Dollar credit to non-banks in EMDEs strengthened further in Q1 2024, fuelled by an increase in bond financing. The $60 billion increase in dollar credit left the stock at $5.2 trillion (Graph 5.A). At 1%, yoy credit growth turned positive for the first time in almost two years (Graph 5.B). Looking across regions, dollar credit to non-bank borrowers in Africa and the Middle East rose the most in Q1, followed by credit to those in Latin America and emerging Europe. Dollar credit to emerging Asia-Pacific fell slightly despite an increase of $15 billion to non-banks located in China (Graph 5.C).
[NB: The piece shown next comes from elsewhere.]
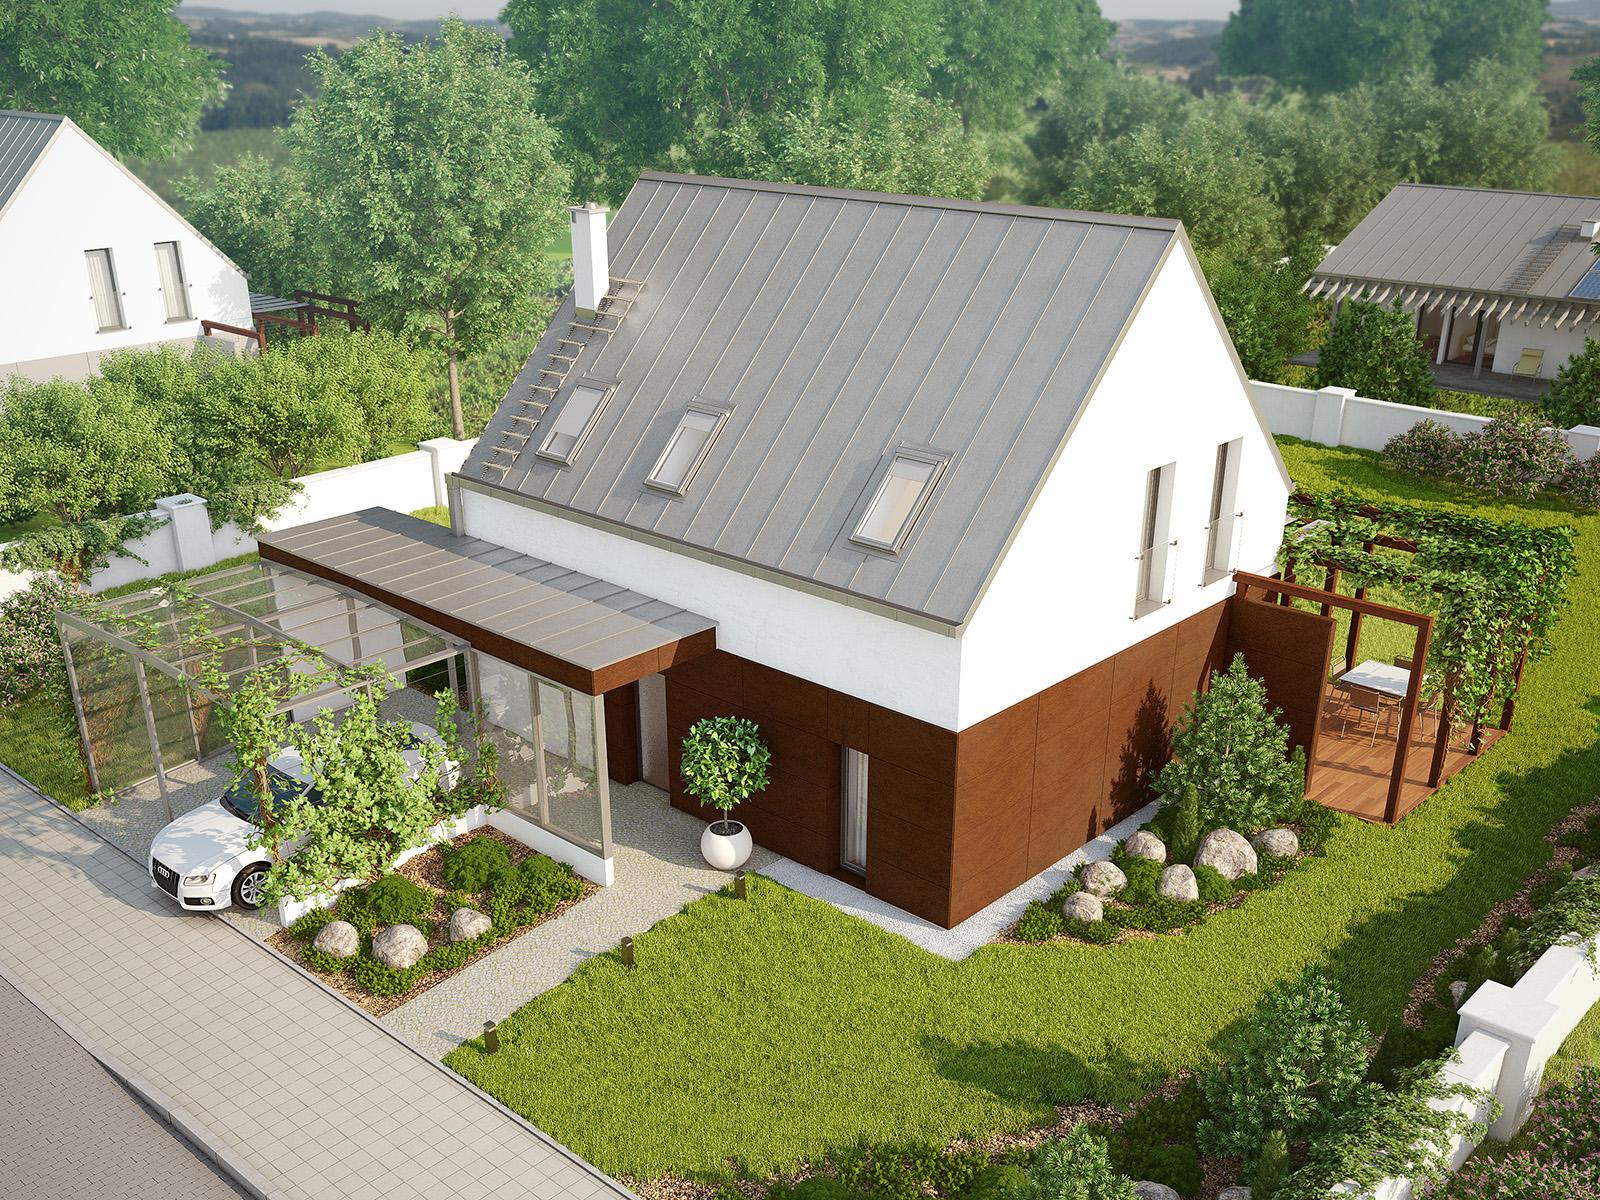 Projekt domu MALUTKI Domy Czystej Energii widok od frontu i z boku
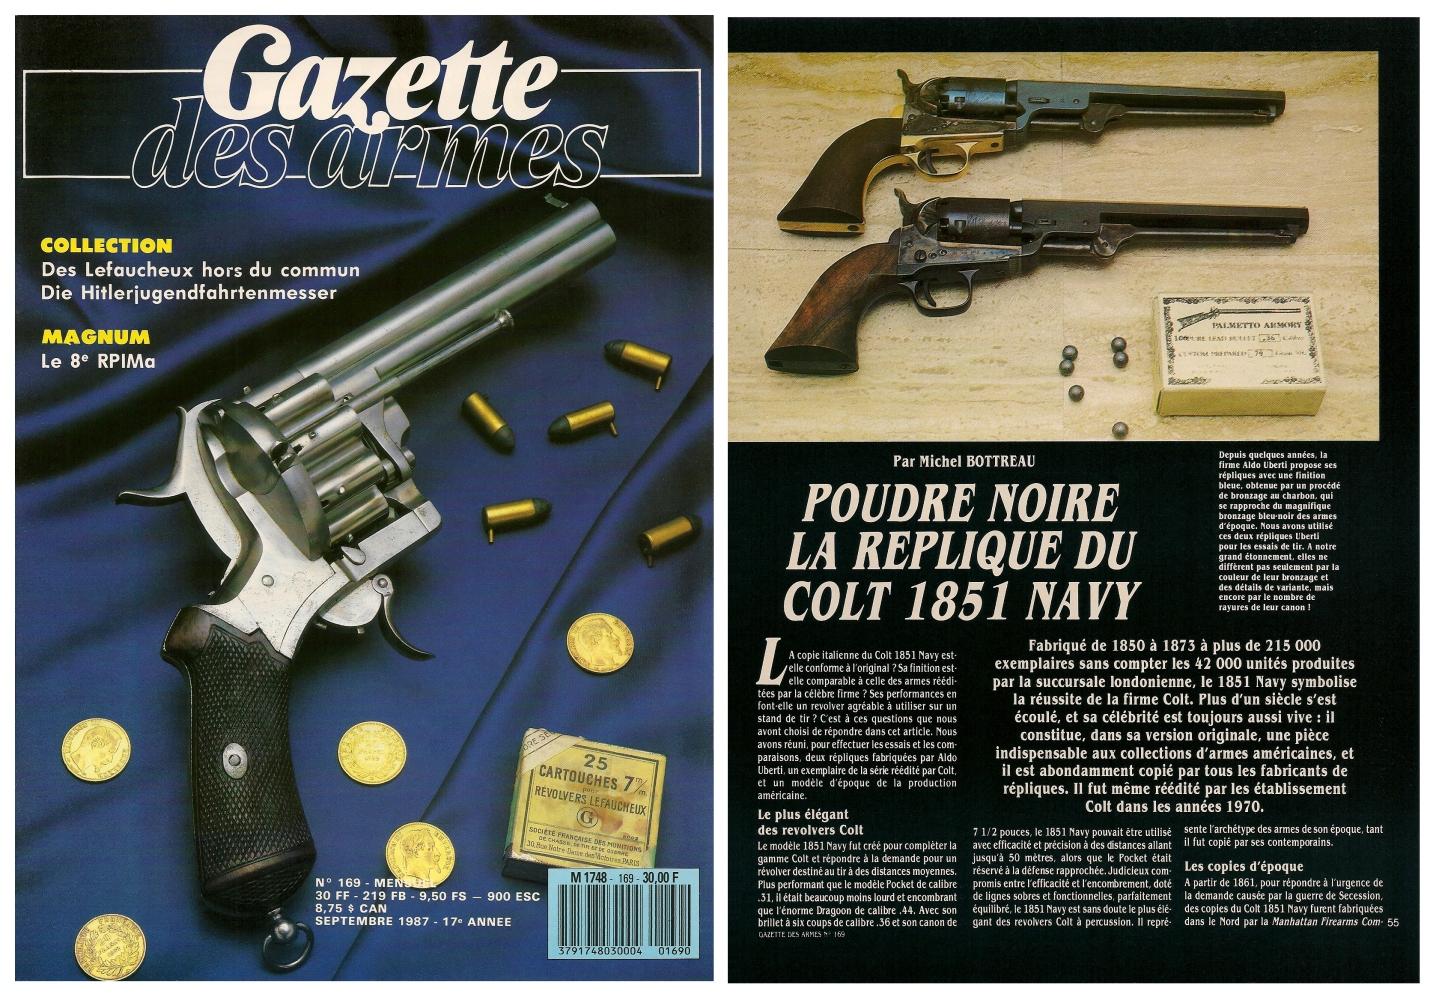 Le banc d'essai des répliques du Colt modèle 1851 Navy a été publié sur 7 pages dans le magazine Gazette des Armes n°169 (septembre 1987).

Since the Great Financial Crisis of 2007-09 non-bank borrowers have increasingly turned to international bond financing rather than to bank loans (Graph 6.A).6 The share of bond financing in dollar and euro credit has risen by 14 and 13 percentage points, respectively, since late 2008 (solid red and blue lines). By contrast, the share of bonds in outstanding yen credit on all non-bank borrowers has dropped by 18 percentage points since 2008 (solid yellow line).
These general patterns remained even during the broad monetary policy tightening observed after early 2022.7 Higher US policy rates led to a stronger dollar throughout 2022, weighing on dollar-denominated credit (Graph 6.B), but growth in bond financing (purple lines) held up better than bank lending (green lines) through mid-2023. In the euro segment, growth in bond issuance remained positive after the European Central Bank raised policy rates from July 2022 onwards (Graph 6.C). As a result, the euro bond share reached 61%, the highest on record (Graph 6.A). Only for global yen credit did loan growth consistently outpace bond issuance in recent years (Graph 6.D).
5 "Global credit" in this section refers to credit to those economies outside the respective currency area.